Но вот поехали пугачевцы.
Ехал на ковровых санях колхозник, одетый Пугачевым, с белизной в бороде человек, который торжествовал, который чувствовал себя хозяином, победителем. Рядом с ним – ряд генералов с голубыми лентами через плечо.
За ними ехали крестьяне с крестьянской посадкой на лошадях, ехали они с пиками, которые они держали так, как никогда не будет держать актер. Это – отряд осоавиахимовцев…
Это было колхозное войско, которое помогает охранять границу в помощь пограничникам.
За пугачевцами шли сани с очень красивой кибиткой из расписной крашенины, а в кибитке красивая белокурая девушка – капитанская дочь Маша Миронова со своим женихом…
За кибиткой капитанской дочки ехал с пулеметом Чапаев.
Отряд осоавиахимовцев не мог представить себя без пулемета, а национальный праздник не мог обойтись без Чапаева.

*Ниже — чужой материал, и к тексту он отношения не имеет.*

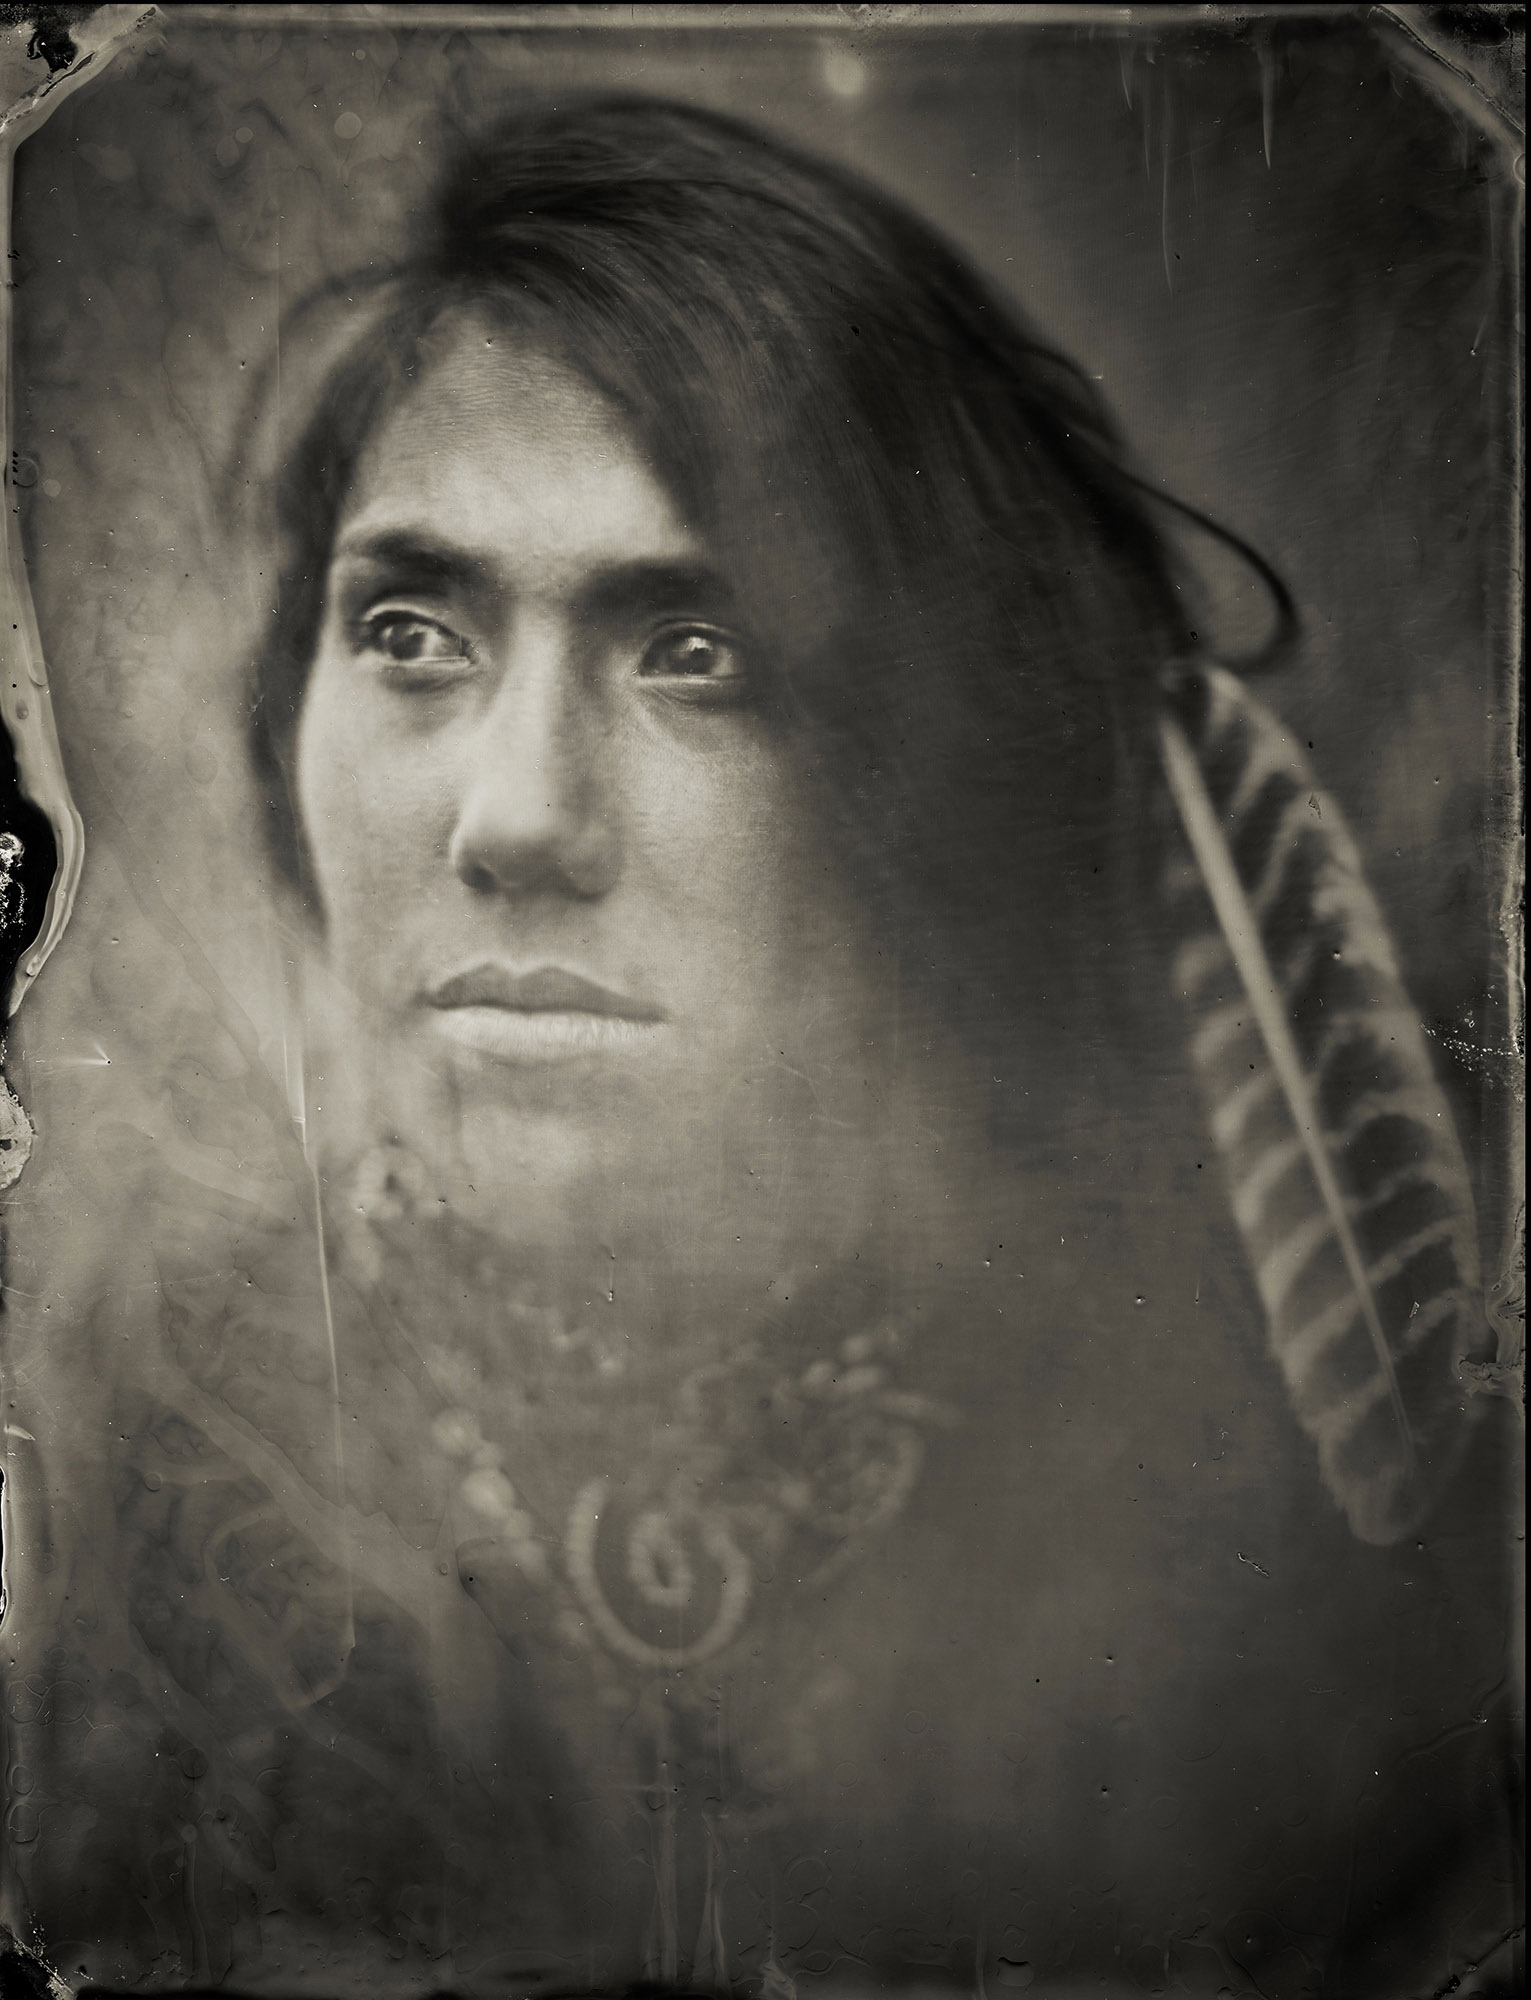 Rhea, Water Protector, Standing Rock - By:Angel Colmenares  chemicalangel.com
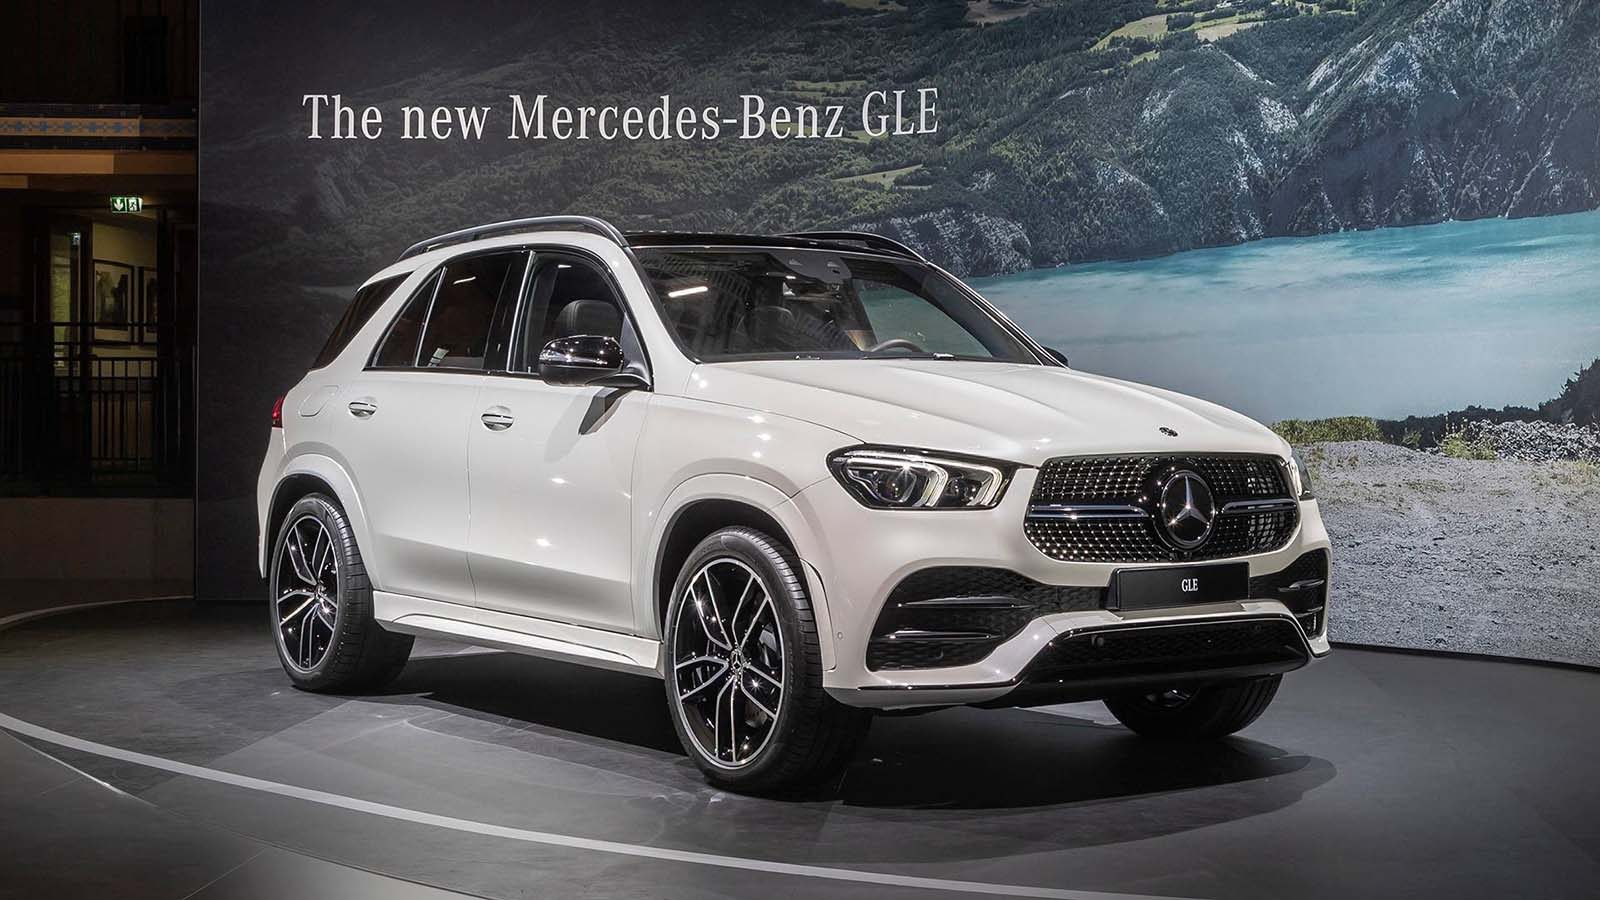 2018 Paris Motor Show: Mercedes GLE

Чапаев ехал за Пугачевым, был сам на себя очень похож…
Это и есть Пушкин.
(Виктор Шкловский. Дневник)
Чапаев среди героев пушкинской «Капитанской дочки» у столичного писателя мог бы, наверно, вызвать насмешливую улыбку. Но вызвал совсем другие чувства. И это можно понять.
Даже в странно звучащем сегодня утверждении Шкловского, что «это и есть Пушкин», тогда, вероятно, тоже была своя правда.
Выбор-то ведь был небольшой: либо объявить Пушкина «белым» (выразителем интересов помещиков и капиталистов, в лучшем случае – либерального дворянства), либо «красным» – то есть революционером, тираноборцем, ненавидящим царя и ненавидимым царем. И, ей-богу, в этом последнем «перегибе» было все-таки больше правды, чем в первом. Как-никак Пушкин не зря гордился тем, что в свой жестокий век восславил свободу.
Но время шло. И на официальном советском иконостасе появились другие лики: Александра Невского, Суворова, Кутузова…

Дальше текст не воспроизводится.